17/03/2026

A hora de organizar os cabos das cidades brasileiras. Por Eduardo Cesconetto de Souza

Artigo de Eduardo Cesconetto de Souza, engenheiro eletricista

As cidades brasileiras vivem hoje um problema visível — e cada vez mais grave — na infraestrutura urbana: o emaranhado de cabos instalados nos postes de energia elétrica.

A expansão acelerada da internet banda larga e dos provedores regionais trouxe conectividade para milhões de brasileiros, mas também revelou um gargalo regulatório que já não acompanha a realidade do setor. O modelo atual permite que cada operadora instale seus próprios cabos na infraestrutura de postes das distribuidoras de energia.

O resultado é conhecido por todos: excesso de fiações, ocupação irregular, riscos de segurança, dificuldades de manutenção e conflitos constantes entre empresas de telecomunicações e concessionárias de energia.

O problema não é apenas estético. Trata-se de uma questão de segurança pública, eficiência econômica e planejamento urbano.

Diante desse cenário, cresce no mundo a adoção de um modelo conhecido como rede neutra ou infraestrutura de acesso aberto, no qual a infraestrutura física de telecomunicações é operada por uma empresa especializada, enquanto as operadoras competem livremente na oferta de serviços ao consumidor.

Nesse modelo, uma empresa — pública ou privada — é responsável por construir, organizar e manter a rede de cabos e fibras ópticas. Sobre essa infraestrutura comum, diversas operadoras podem oferecer serviços de internet, telefonia ou TV. A competição acontece na prestação de serviço, e não na duplicação de cabos.

Diversos países já adotaram sistemas semelhantes. Na Suécia, a cidade de Estocolmo implantou ainda na década de 1990 uma rede pública de fibra óptica aberta a múltiplos provedores, criando uma das infraestruturas digitais mais avançadas da Europa.

Na Nova Zelândia, o governo estruturou um programa nacional de banda larga baseado em infraestrutura aberta, permitindo que diferentes operadoras utilizem a mesma rede para levar conectividade à população.

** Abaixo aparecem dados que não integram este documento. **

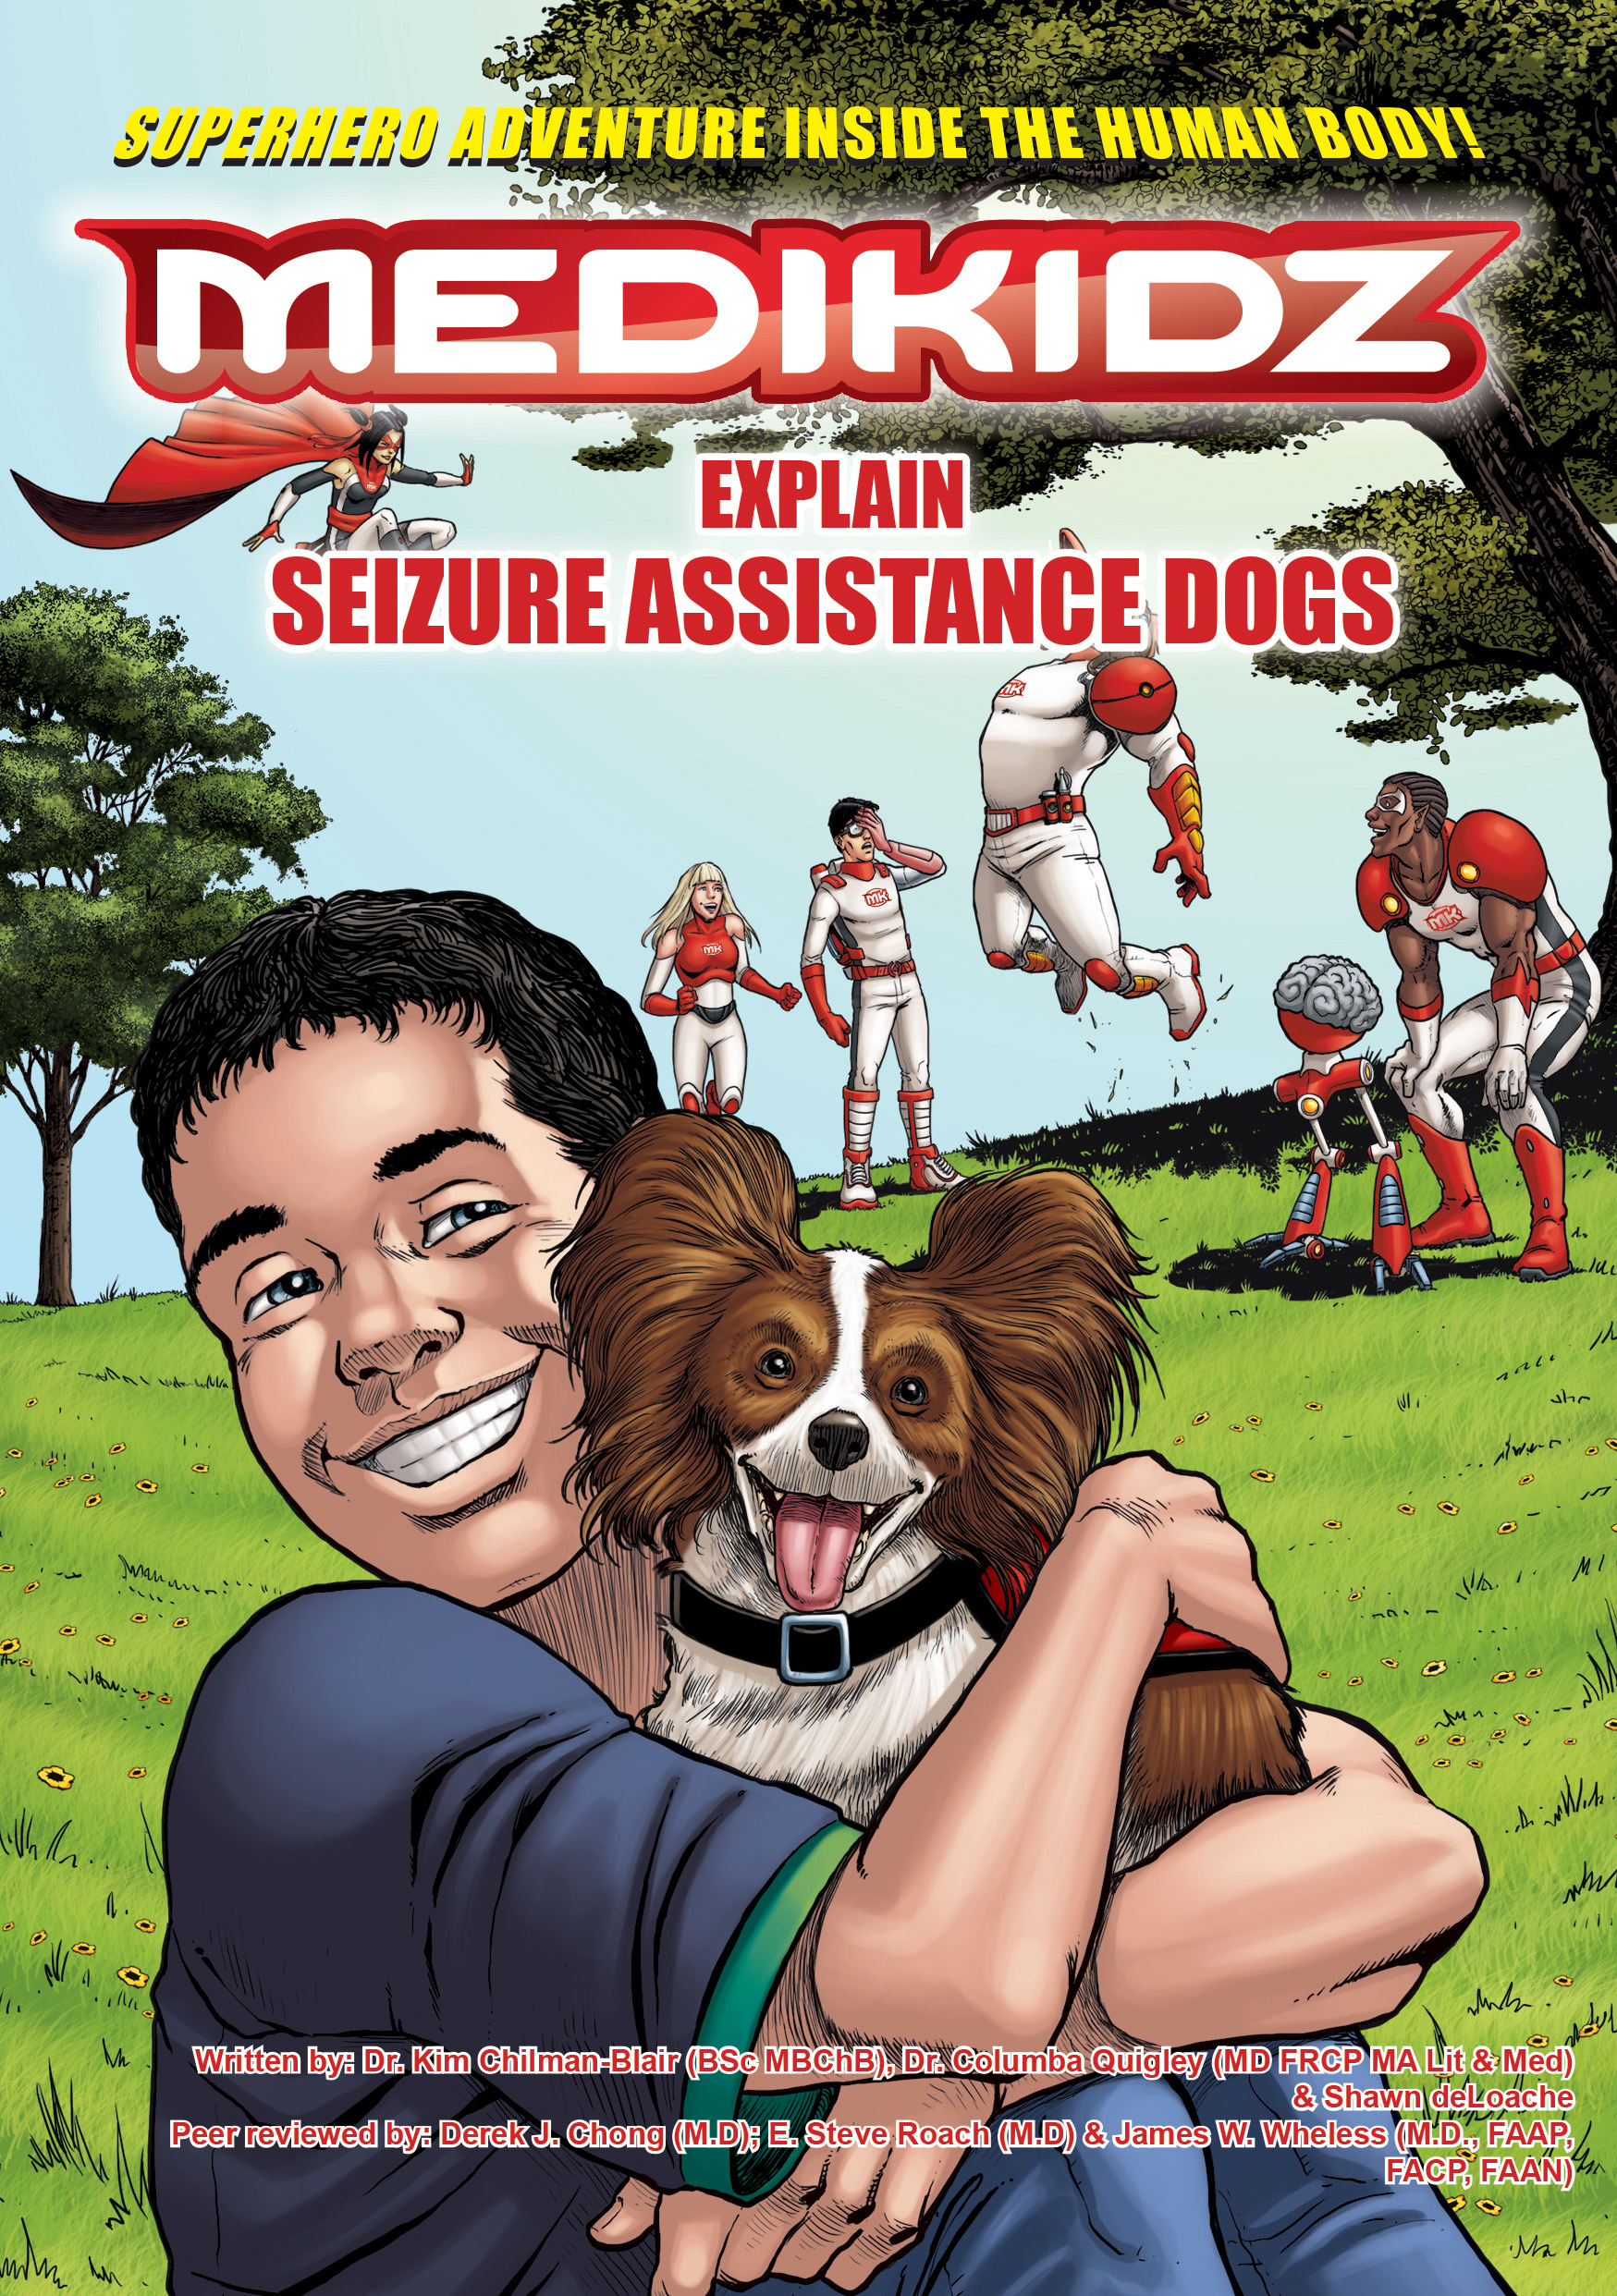 "Medikidz Explain Seizure Assistance Dogs” is the second book in the “Medikidz Explain Epilepsy” comic book series, designed to educate children about epilepsy.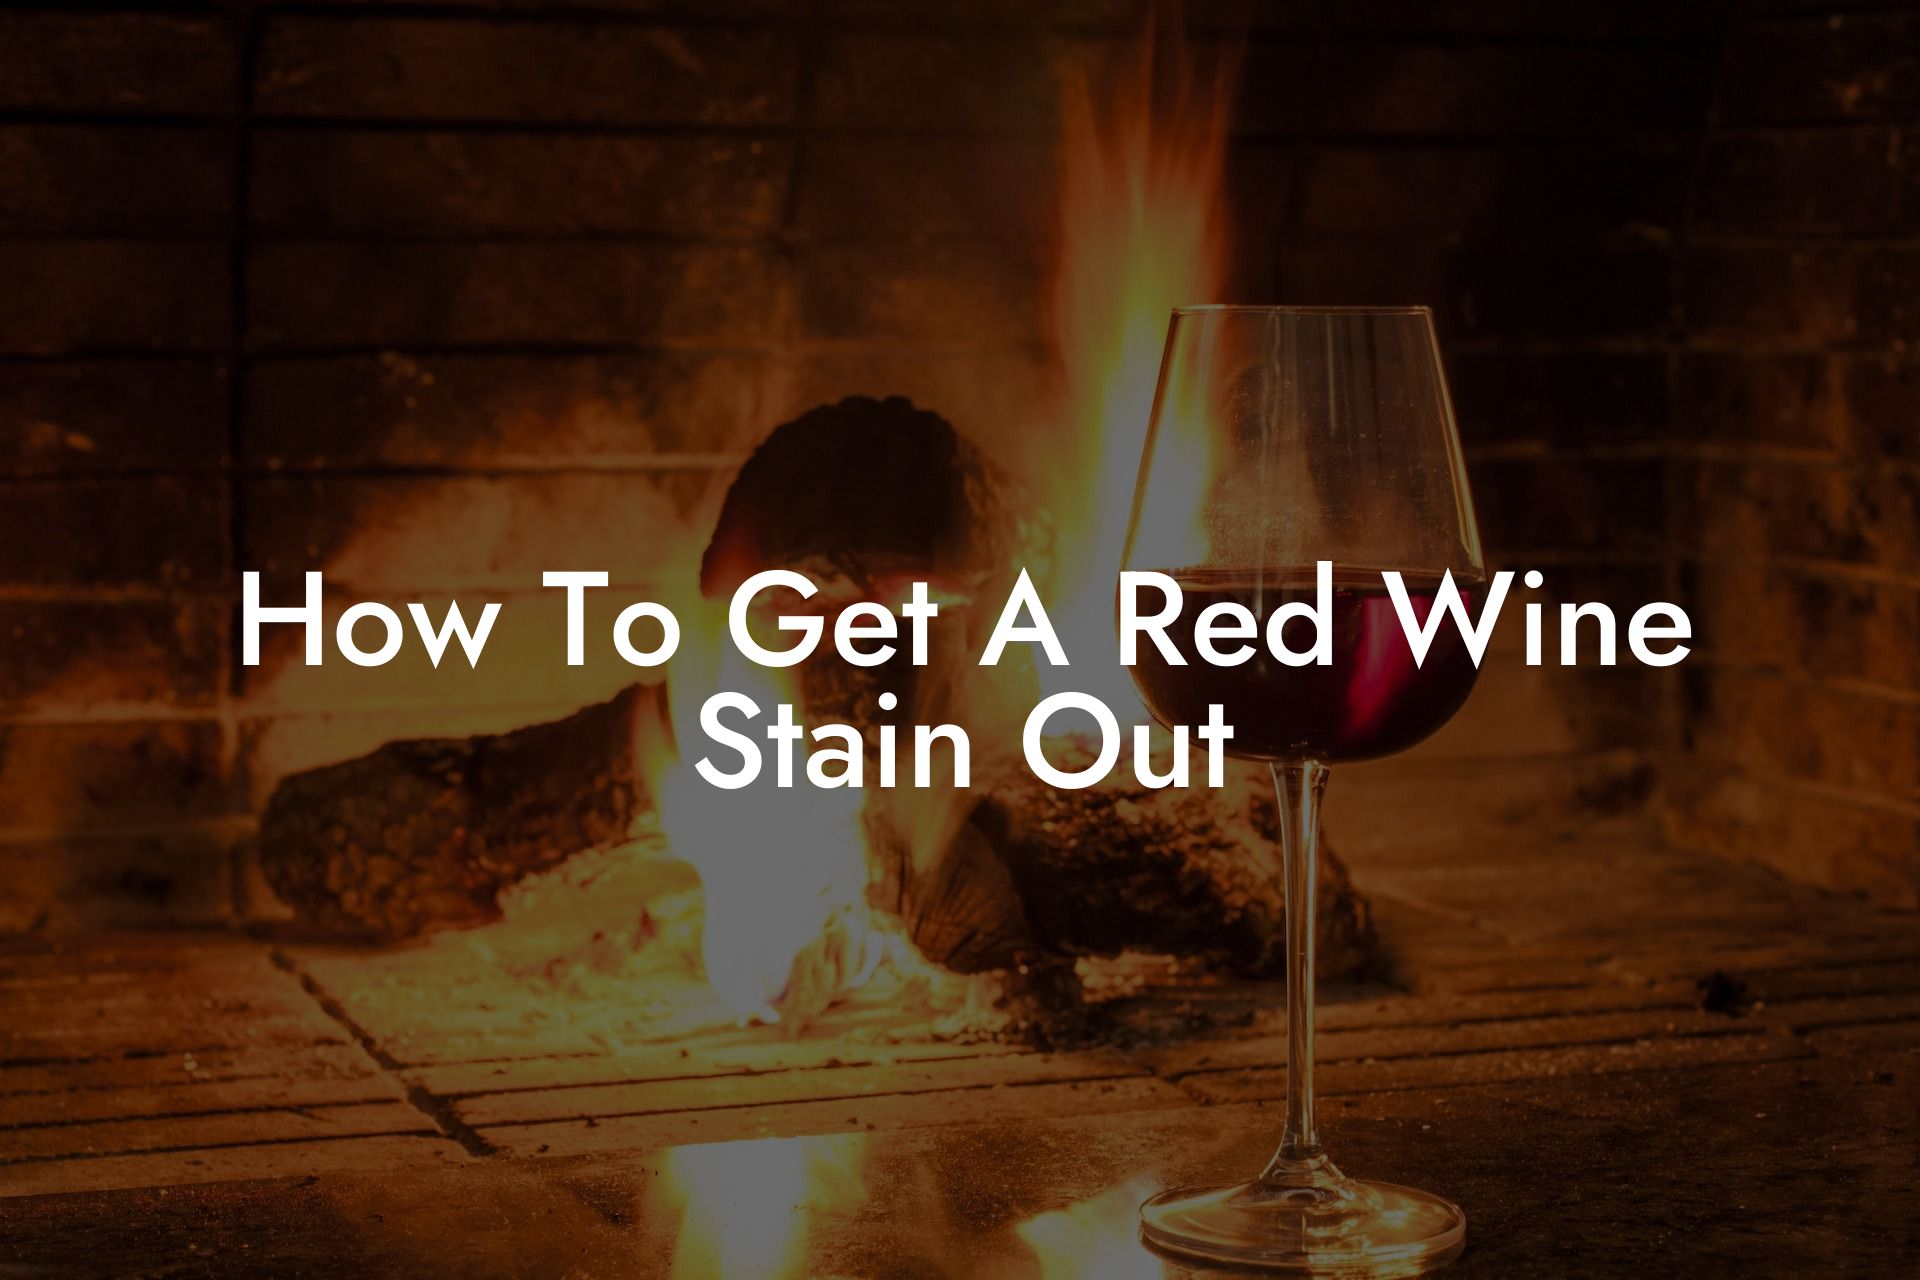 How To Get A Red Wine Stain Out

Experiências semelhantes aparecem em países como Itália, França, Irlanda, Suíça, México e Singapura. Os resultados mostram maior organização da infraestrutura urbana, redução do custo de implantação das redes e aumento da concorrência entre provedores.

No Brasil, a discussão é especialmente relevante por causa da relação entre telecomunicações e o setor elétrico. Os postes pertencem às distribuidoras de energia, mas são utilizados por milhares de empresas de telecomununicações. A ausência de um modelo claro de gestão da infraestrutura gera disputas regulatórias e dificuldades de fiscalização.

Uma alternativa viável seria estruturar concessões municipais ou estaduais para a gestão da infraestrutura de telecomunicações nos postes, criando uma empresa responsável pela organização da rede física.

Essa concessionária cuidaria da instalação, manutenção e padronização dos cabos, garantindo segurança e ordenamento urbano. Sobre essa infraestrutura organizada, qualquer operadora poderia atuar em regime de livre concorrência, pagando pelo uso da rede.

Com isso, seria possível reduzir o emaranhado de cabos nas cidades, aumentar a segurança da rede elétrica, ampliar a concorrência e melhorar a qualidade dos serviços oferecidos à população.

A transformação digital exige redes cada vez mais robustas para suportar novos serviços e aplicações. Para que isso aconteça de forma sustentável, é necessário modernizar o modelo de infraestrutura e organizar os cabos que já estão presentes nos postes das nossas cidades.